Library Amplification Cleanup

  • Perform a 1X SPRI® cleanup by combining the following
Component Volume
Amplified library DNA 25 μl
Agencourt® AMPure® XP reagent 25 μl
Total Volume 50 μl
  • Mix thoroughly by pipetting up and down several times.
  • Incubate the plate/tube at room temperature for 5 – 15 min to allow the DNA to bind to the beads.
  • Place the plate/tube on a magnet to capture the beads. Incubate until the liquid is clear.
  • Carefully remove and discard 45 μl of supernatant.
  • Keeping the plate/tube on the magnet, add 200 μl of 80% ethanol.
  • Incubate the plate/tube at room temperature for ≥30 sec.
  • Carefully remove and discard the ethanol.
  • Keeping the plate/tube on the magnet, add 200 μl of 80% ethanol.
  • Incubate the plate/tube at room temperature for ≥30 sec.
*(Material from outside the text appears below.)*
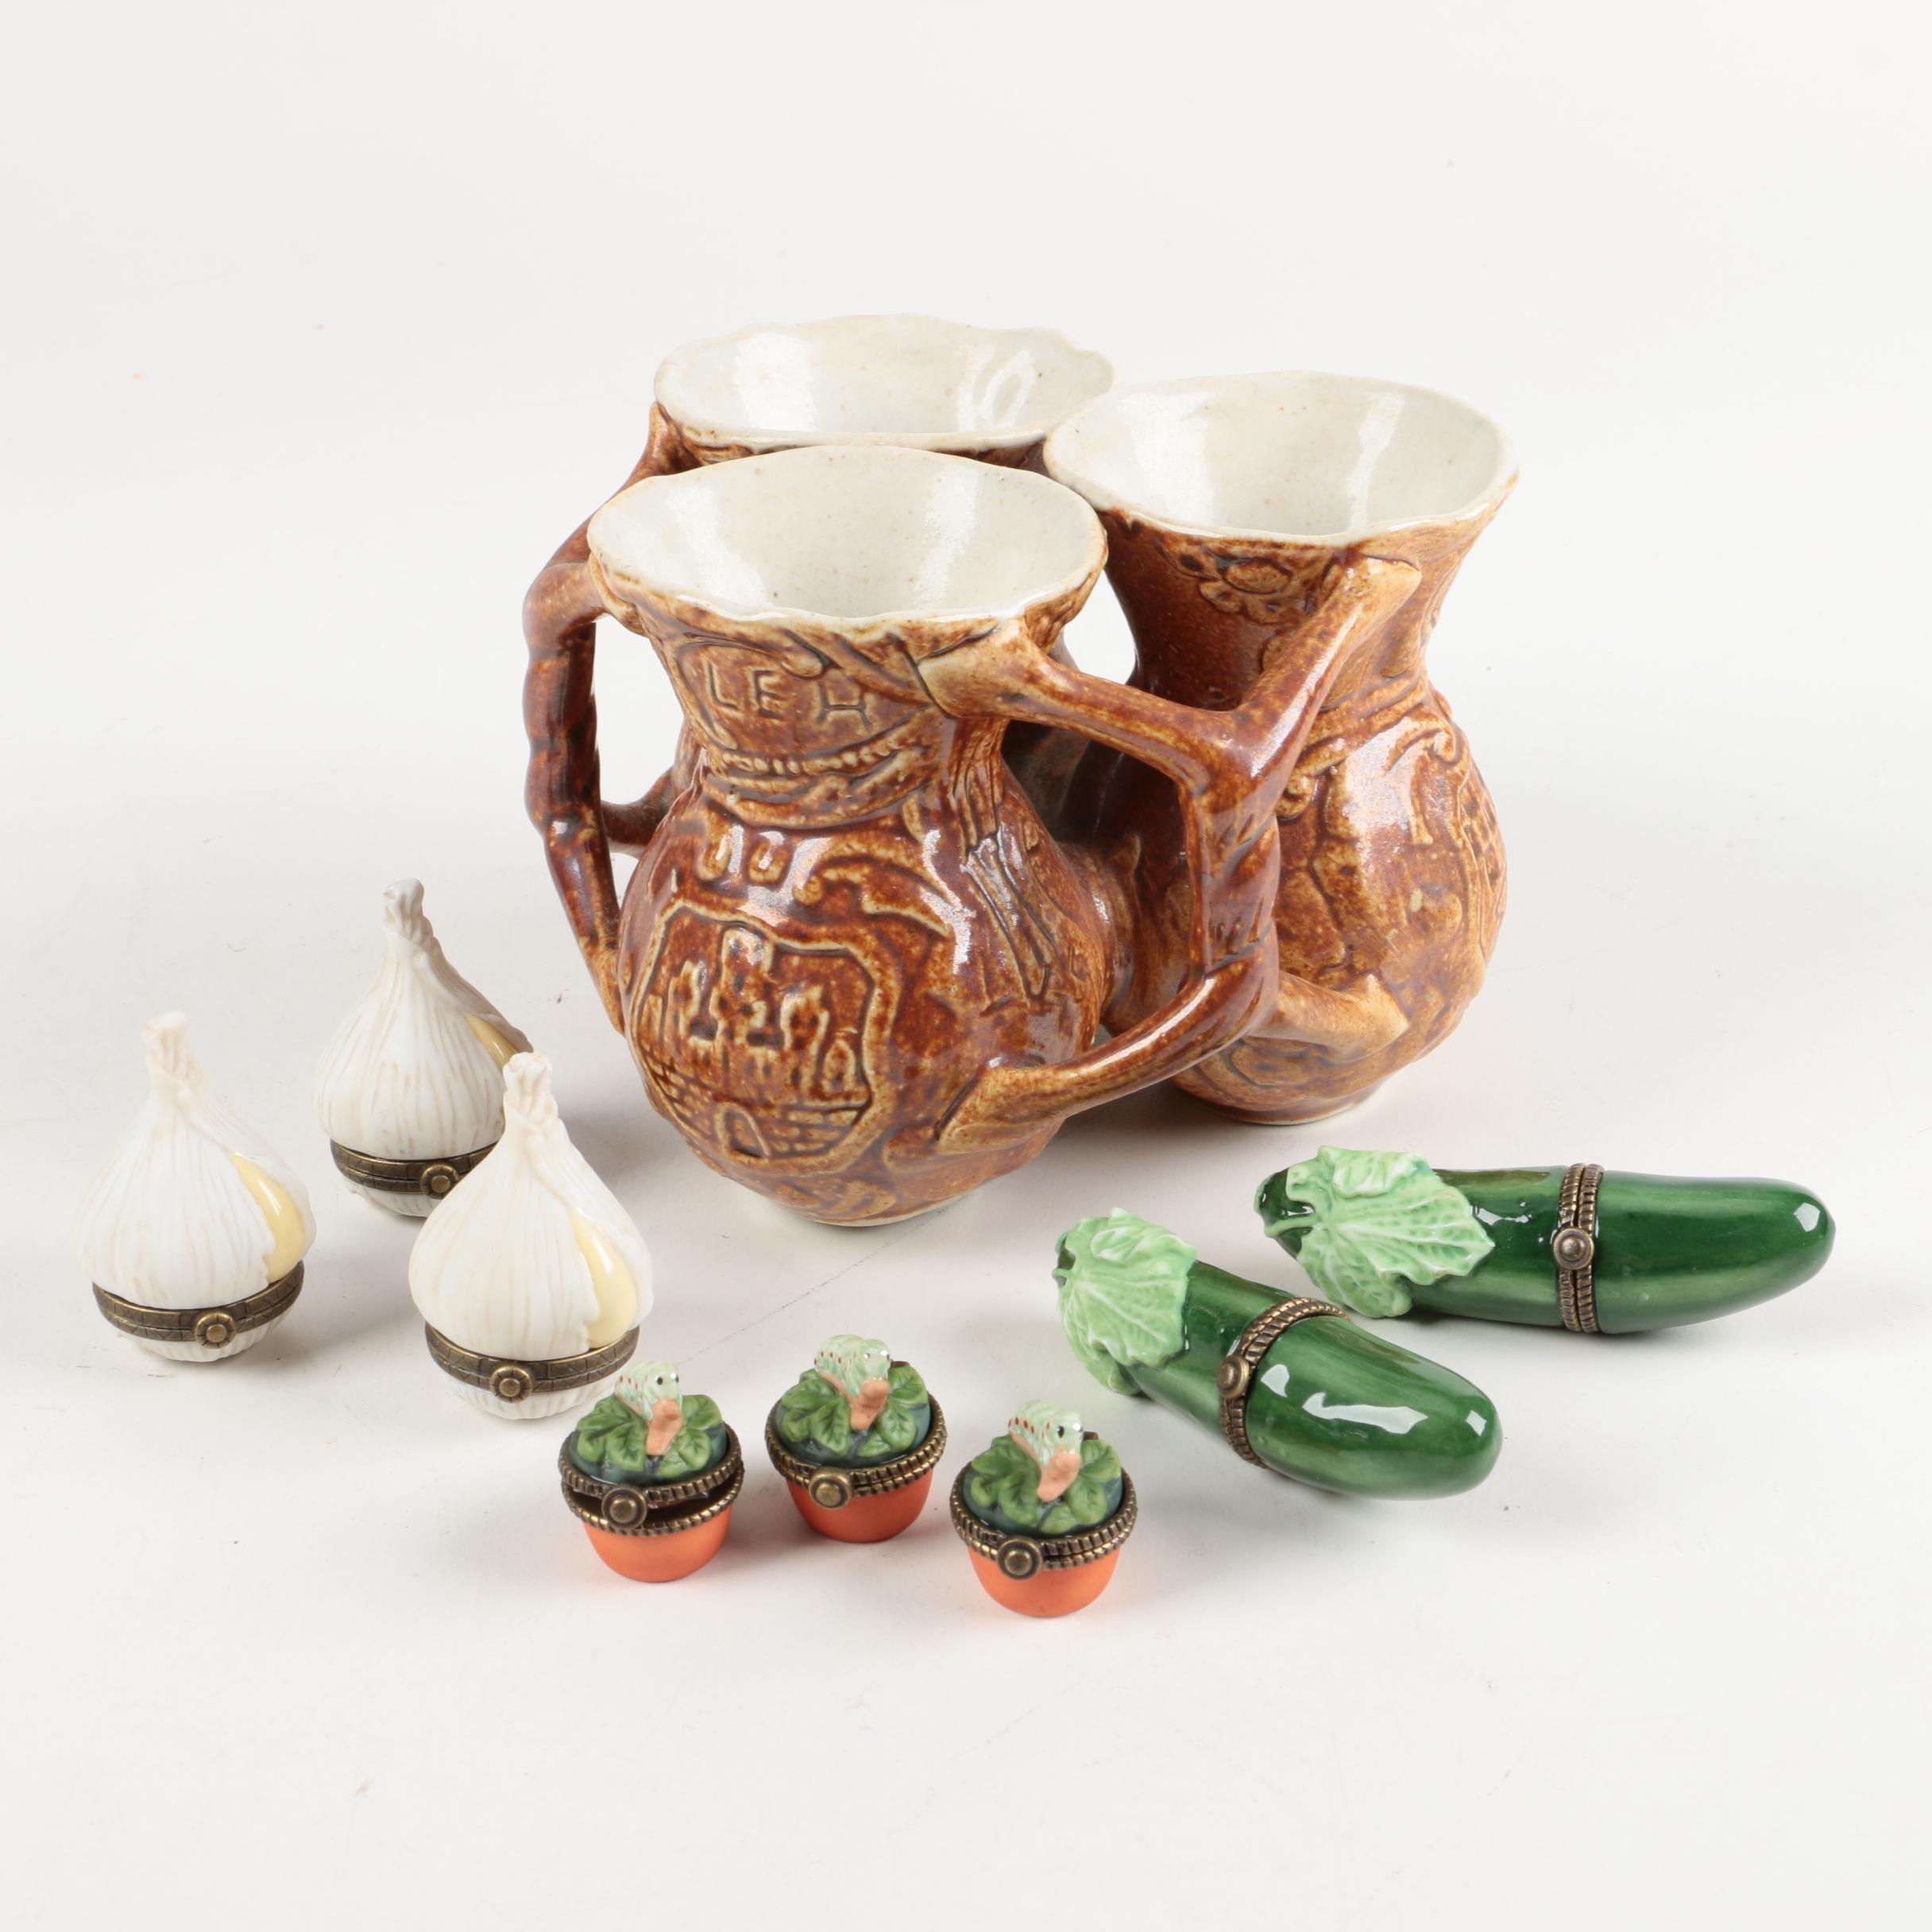 Vintage Ceramic Bilikum and Trinket Boxes
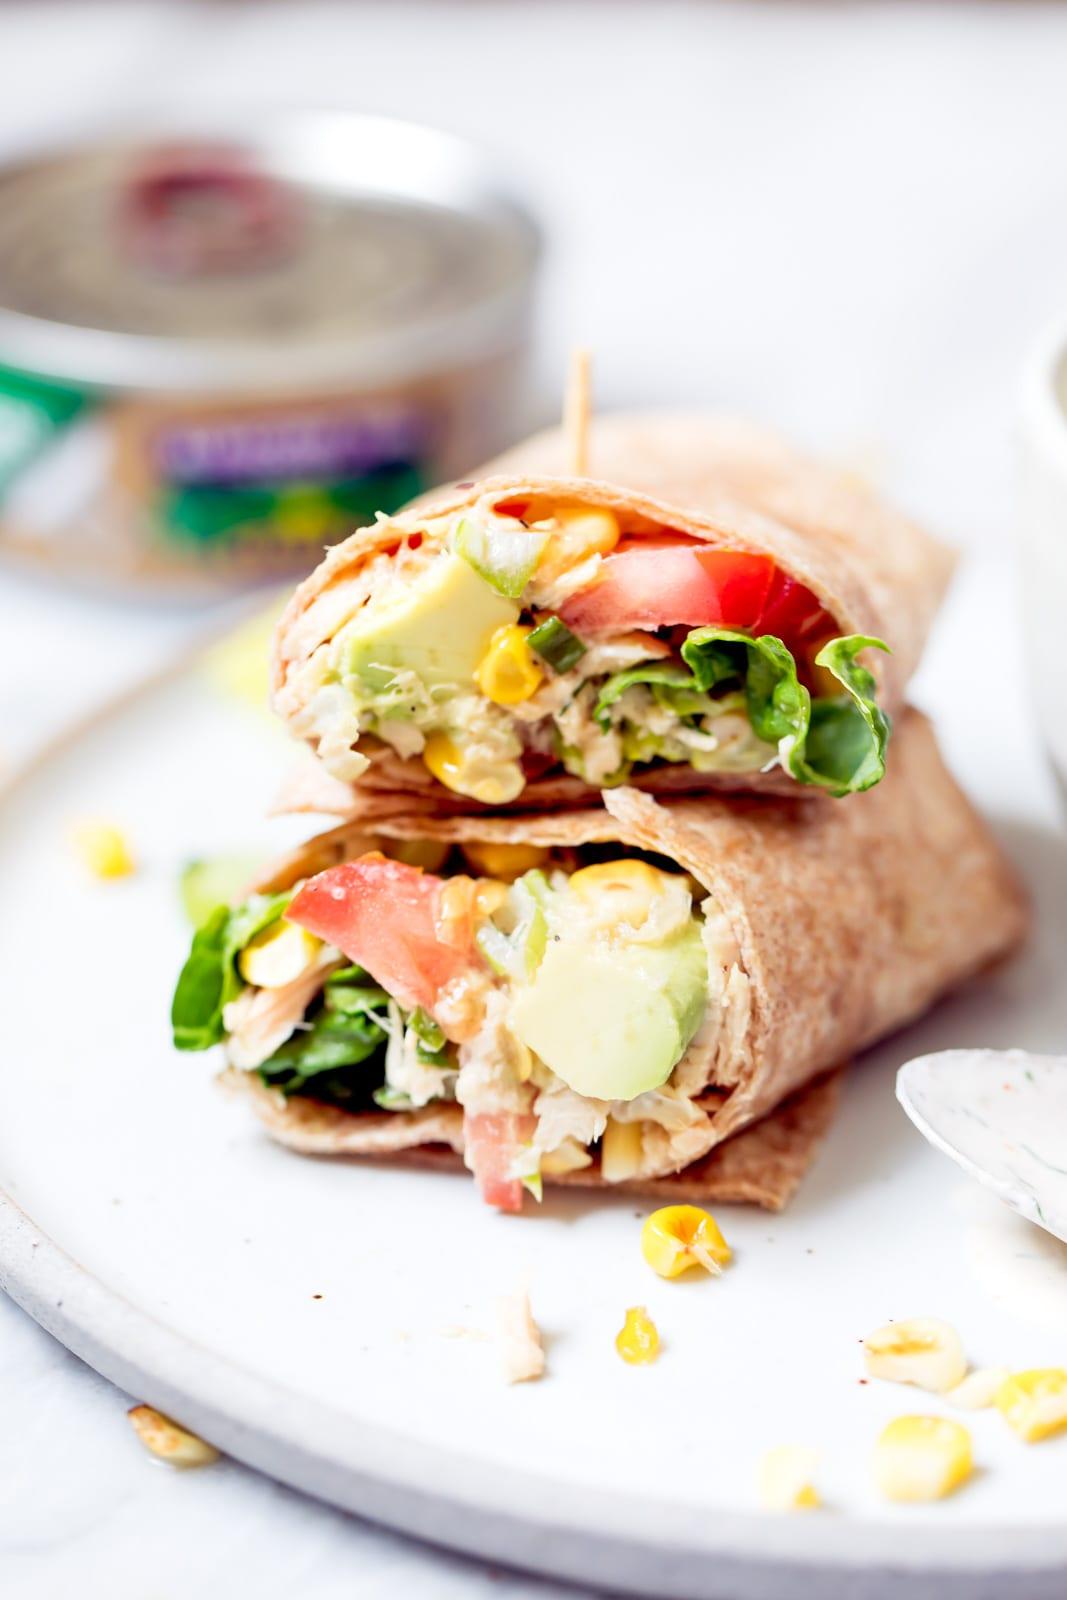 Spicy Tuna Wraps with Homemade Greek Yogurt Ranch

  • Carefully remove and discard the ethanol. Try to remove all residual ethanol without disturbing the beads.
  • Dry the beads at room temperature, until all of the ethanol has evaporated. Caution: over-drying the beads may result in dramatic yield loss.
  • Remove the plate/tube from the magnet.
  • Thoroughly resuspend the dried beads in 22 μl of 10 mM Tris-HCl (pH 8.0).
  • Incubate the plate/tube at room temperature for 2 min to allow the DNA to elute off the beads.
  • Place the plate/tube on a magnet to capture the beads. Incubate until the liquid is clear. Transfer 20 μl of the clear supernatant to a new plate/tube.